By FrontendAtlas Team · Updated Feb 1, 2026

Implement findNode(root, predicate) to traverse the DOM and return the first matching element. Use DFS/BFS with early exit. Complexity: O(n) time, O(h) recursion stack.

What you’ll build / What this tests

This premium javascript coding focuses on Find a Node in a DOM Tree (DFS/BFS). You’ll apply dom and tree thinking with intermediate level constraints. The prompt emphasizes Implement findNode(root, predicate) to traverse the DOM and return the first matching element. Use DFS/BFS with….

Learning goals

  • Translate the prompt into a clear javascript API signature and return shape.
  • Apply dom, tree, traversal techniques to implement find a node in a dom tree (dfs/bfs).
  • Handle intermediate edge cases without sacrificing readability.
  • Reason about time/space complexity and trade-offs in javascript.

Key decisions to discuss

  • Define the exact input/output contract before coding.
  • Prioritize predictable edge-case handling over micro-optimizations.

Evaluation rubric

  • Correctness: covers required behaviors and edge cases.
  • Clarity: readable structure and predictable control flow.
  • Complexity: avoids unnecessary work for large inputs.
  • API discipline: no mutation of inputs; returns expected shape.
  • Testability: solution is easy to unit test.

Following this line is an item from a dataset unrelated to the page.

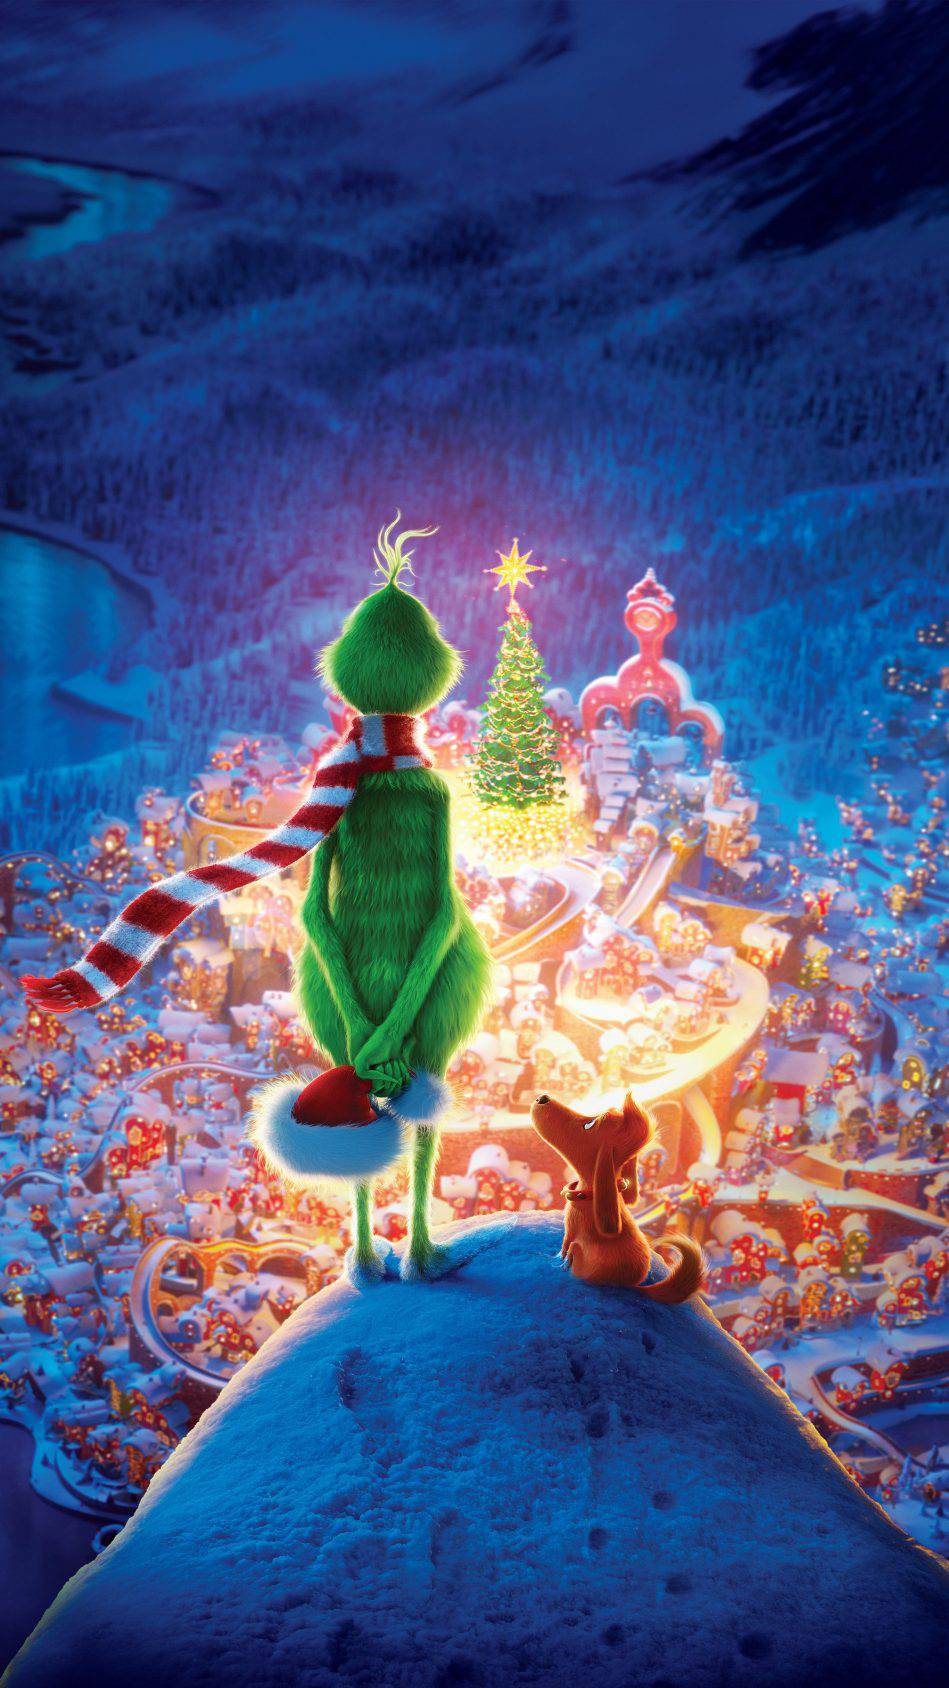 The Grinch Christmas IPhone Wallpaper - IPhone Wallpapers : iPhone  Wallpapers

Constraints / Requirements

  • Avoid deep recursion issues on large inputs.
  • Do not access the real DOM; use the provided node shape.
  • Handle empty or missing inputs without throwing errors.
  • Keep runtime close to linear time where possible.
  • Prefer a pure function: no side effects beyond the return value.

Mini snippet (usage only)

// Example usage
const root = /* find a node in a dom tree (dfs/bfs) input */;
const predicate = /* config */;
const result = findNode(root, predicate);
console.log(result);

// Edge case check
const empty = root && predicate ?? null;
const fallback = findNode(root, predicate);
console.log(fallback);

// Expected: describe output shape, not the implementation
// (no solution code in preview)

Common pitfalls

  • Mutating inputs instead of returning a new value.
  • Skipping edge cases like empty input, duplicates, or nulls.
  • Overlooking time complexity for large inputs.